За Аликом — один к одному — еще два молодых дебила на койках. Лежат. Можно представить, как они страшноваты в минуты буйства. Оба. Огромные. В нашей шизоидной палате заметен возрастной разброс. (Старики полоумные. И молодые дебилы.) Но в коридоре среди шастающих туда-сюда (из других палат) найдешь кого угодно. Есть и контактные, то есть не умолкающие. Есть молчуны. Есть даже и «блатные» — их устроили, положили сюда (почему не к тихим?), чтобы дать кому группу, кому освобождение от армии. Они и не очень скрывали. Иногда, правда, словно спохватившись, делали задумчивые лица.
Я на недолго сдружился с пугливым, уже седеющим Лешей из пятой палаты. Он подкармливал меня приносимыми ему фруктами. Этот Леша уверял, что кровь в минуты приступов горит, жжет его сосуды изнутри. Едва заслышав (едва ощутив) жгучую минуту, седой Леша бросался ко мне — к кому попало: «Фиксируйте меня! Фиксируйте!» — умолял, потому что медсестра, обычно занятая, отвечала погоди-не-спеши. Я его охотно привязывал. На почве сумасшествия люди готовы объединяться, как и на всякой другой. Я чуть ли не бежал с Лешей вместе в их палату, привязывал его там крепко и тотчас спрашивал, не пора ли мне приступить (угоститься) к его яблокам, бананам, что в тумбочке. Леша отвечал: «Конечно! конечно!..» — Связать хозяина яблок и потом есть его яблоки одно за одним, в этом было что-то от Хаджи Насреддина; забавно.
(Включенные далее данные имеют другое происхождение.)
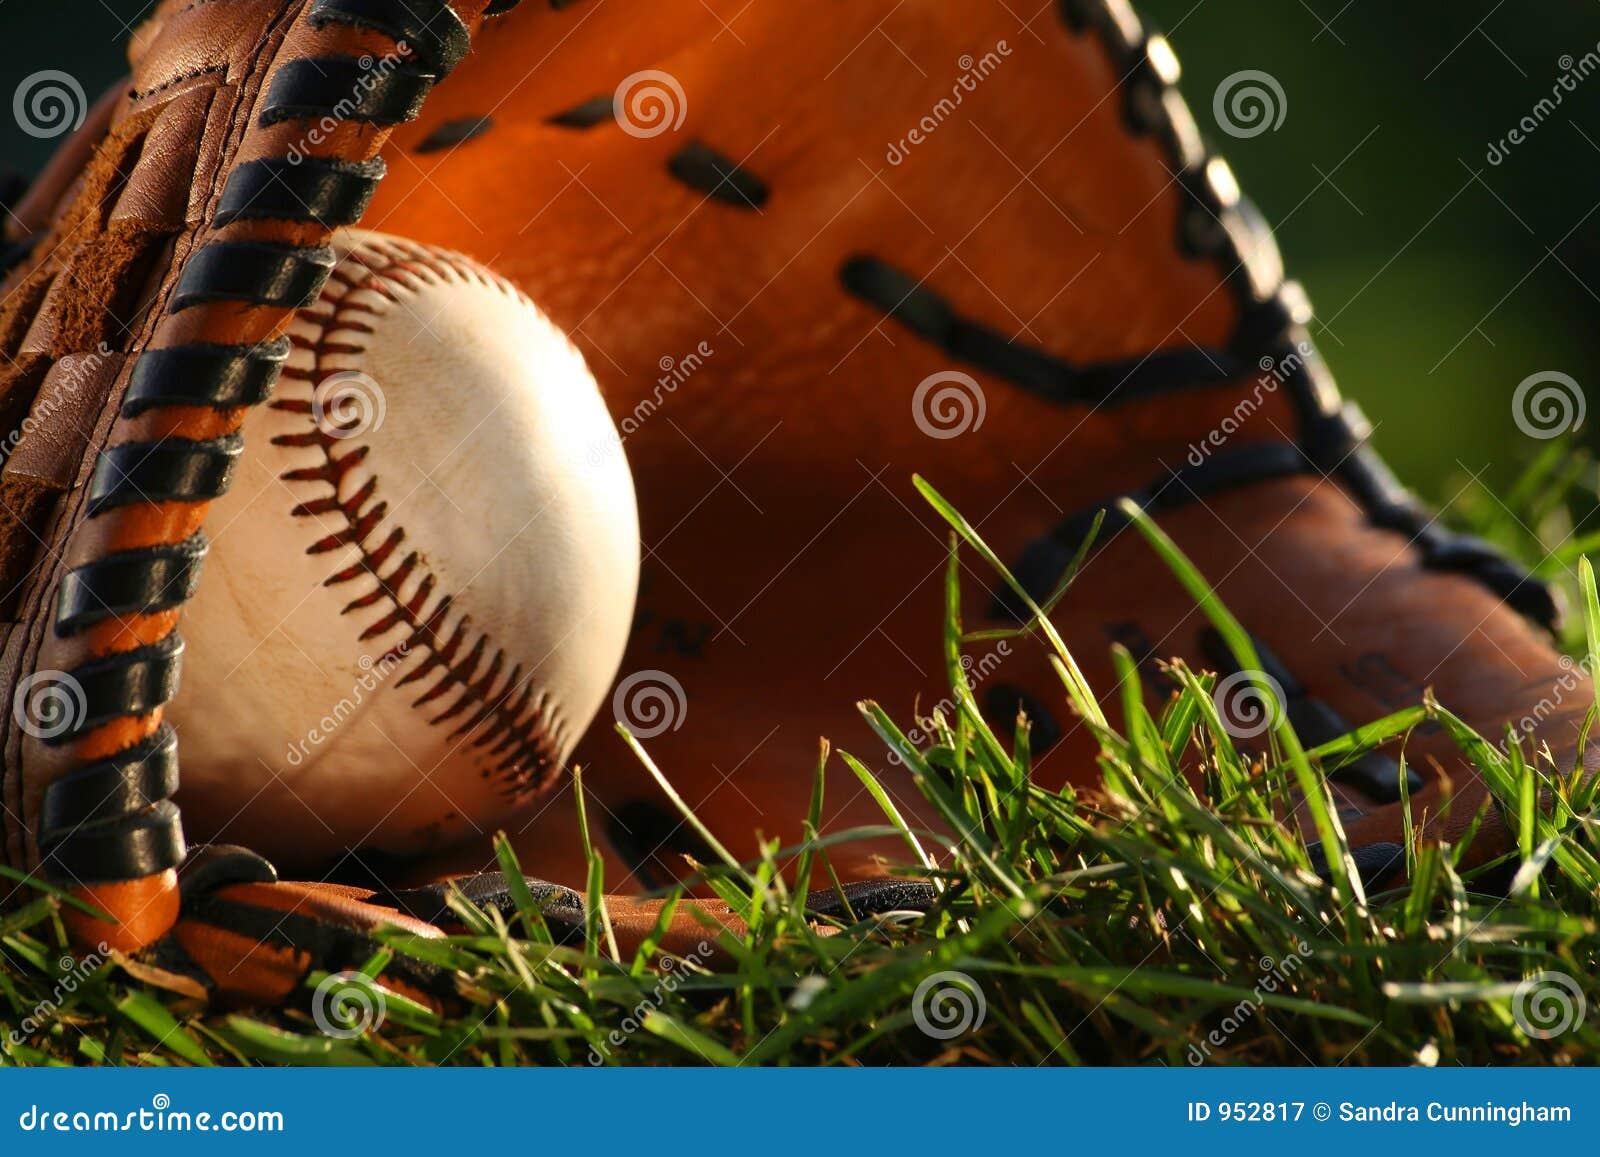 Baseball und Handschuhnahaufnahme
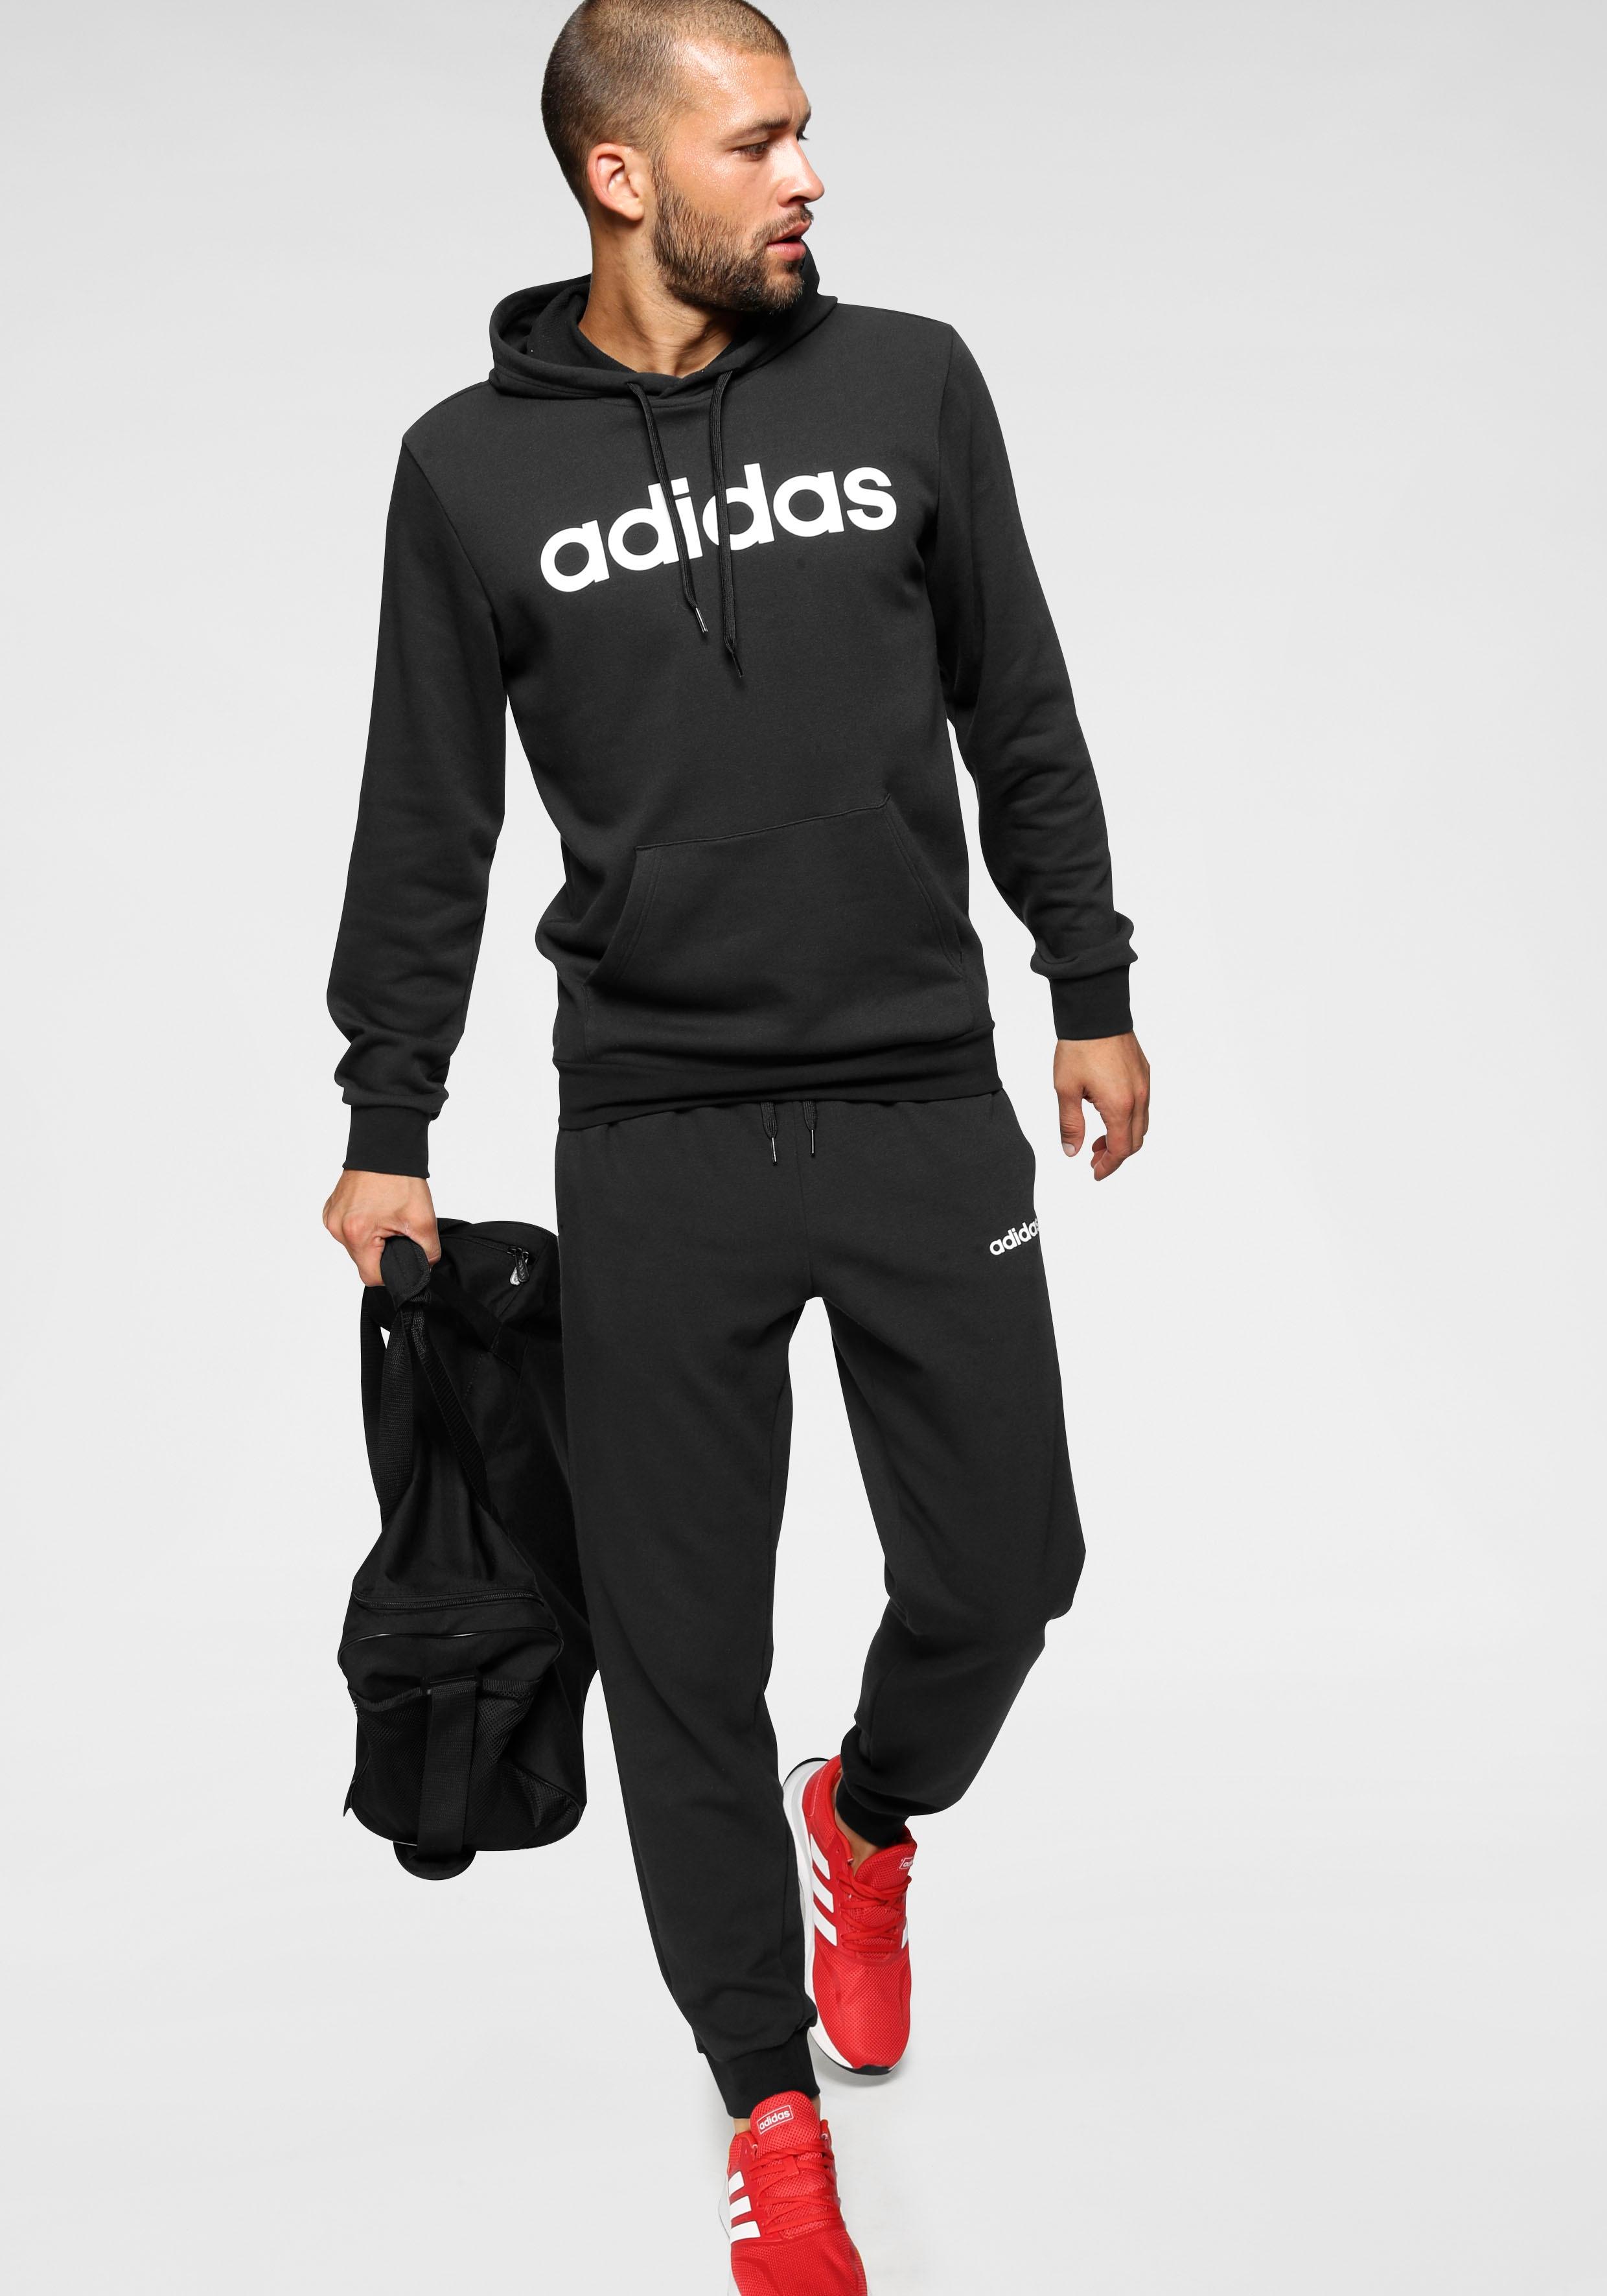 adidas Performance Jogginganzug MEN TRACKSUITCO HO (Set, 2 tlg.) | Sportbekleidung > Sportanzüge > Jogginganzüge | adidas performance

Иван Емельянович меня к себе так и не вызвал, ничем не отличив от других. Не скажу, что задело, но, кажется, я все-таки ожидал большего. Увы. Просто больной, так называемый бумажный больной. То есть движущийся в бумажном шелесте переворачиваемых страничек — в своей собственной истории болезни, только и всего.
Лишь однажды Иван Емельянович присутствовал, когда лечащий Зюзин привел меня к себе в кабинет, где вел эти свои бумажные записи о каждом больном. Присутствовал еще и завотделением Холин-Волин, ядовитый и молодой. Они оба (начальники) в общем молчали, а скучный Зюзин скучно же про меня им объяснял, мол, все хорошо. Мол, даже не тянет на классическое кратковременное буйство. Всего-то нервный срыв. Много болтал в немотивированной горячке.
— А не связан ли ваш нервный срыв с общими переменами? Статус писателя упал в наши дни, — сочувственно произнес Иван Емельянович.
— Зато, извините, для молодых какой простор! — усмехнулся ядовитый Холин-Волин.
Иван (озабоченно и серьезно): — Простор, но не для всех. Простор — тоже проблема выживания...
Так они кратенько высказались, обмен мнениями — пообщались; я молчал. (Со спятившими слесарями они говорят о кранах, с бизнесменом — об акциях МММ.) Оба тотчас и ушли.
Со времени этого визита Иван Емельянович сделался ко мне на чуть внимательнее. (Хотя я мог и преувеличивать.) На редких утренних обходах Иван Емельянович иной раз сам (и заметно строго) спрашивал с больного: вдруг придирался к неумытому лицу, к невнятной жалобе. А меня не трогал, ни разу. Проходя мимо моей кровати, Иван только делал рукой жест: все знаю, все помню.